En Asie, les monnaies numériques de banque centrale (CBDC) sont de plus en plus répandues et leur adoption est décevante. Près de cinq ans après que la Chine a lancé ses premiers essais de renminbi numérique (e-CNY), seuls deux autres pays asiatiques disposent d’une CBDC de détail fonctionnelle : l’Inde et le Cambodge.
Ailleurs dans la région, divers projets pilotes sont en cours, qui pourraient ou non conduire au lancement de monnaies fiduciaires numériques au Japon, en Corée et dans divers pays d’Asie du Sud-Est. Ces pays se protègent et surveillent de près les premiers utilisateurs qui évaluent leurs options.
Qui a besoin du yuan numérique ?
En ce qui concerne la CBDC chinoise, dont on parle tant, il ne fait aucun doute qu’elle pourrait jouer un rôle important dans le segment des transactions de gros. Les banques centrales de Hong Kong, de Thaïlande, des Émirats arabes unis et d’Arabie saoudite travaillent avec Pékin et la Banque des règlements internationaux (BRI) sur l’ambitieux projet transfrontalier mBridge.
Si les banques centrales et les banques commerciales peuvent dicter les conditions de mBridge, son adoption dans le secteur de la vente au détail nécessite l’intérêt des consommateurs. Et en matière de paiements numériques, la Chine a déjà construit un écosystème mature et complet, soutenu par le duopole d’Alipay et de WeChat Pay. Le renminbi numérique a très peu à offrir aux consommateurs chinois, auquel ils ne puissent pas déjà accéder via les plateformes de paiement existantes.
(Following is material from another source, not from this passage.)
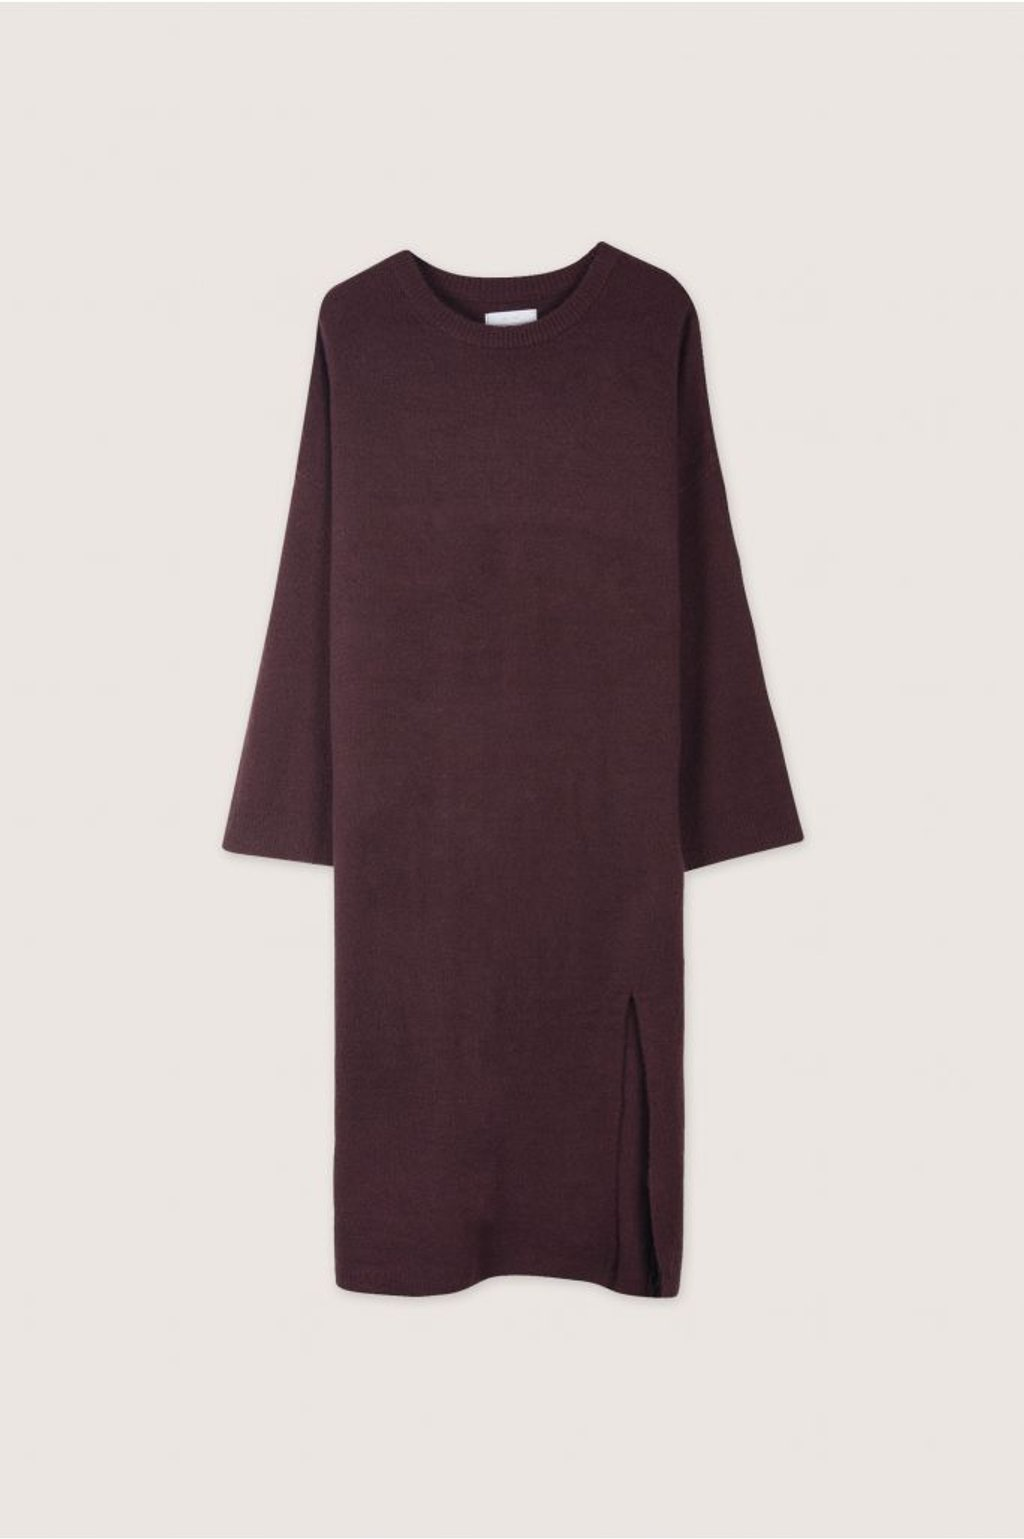 Dress 1648 Burgundy 9

C’est pour cette raison que le gouvernement chinois a tenté de payer les employés de l’État en yuans numériques. Les travailleurs reçoivent effectivement leur salaire en e-CNY, mais ils le transfèrent ensuite rapidement sur leurs comptes bancaires pour le dépenser en espèces. Il n’est pas difficile de comprendre pourquoi : les possibilités d’utilisation de l’e-CNY en ligne et hors ligne sont limitées, tandis que Pékin n’a pas suffisamment répondu aux préoccupations en matière de confidentialité autour de la monnaie fiduciaire numérique.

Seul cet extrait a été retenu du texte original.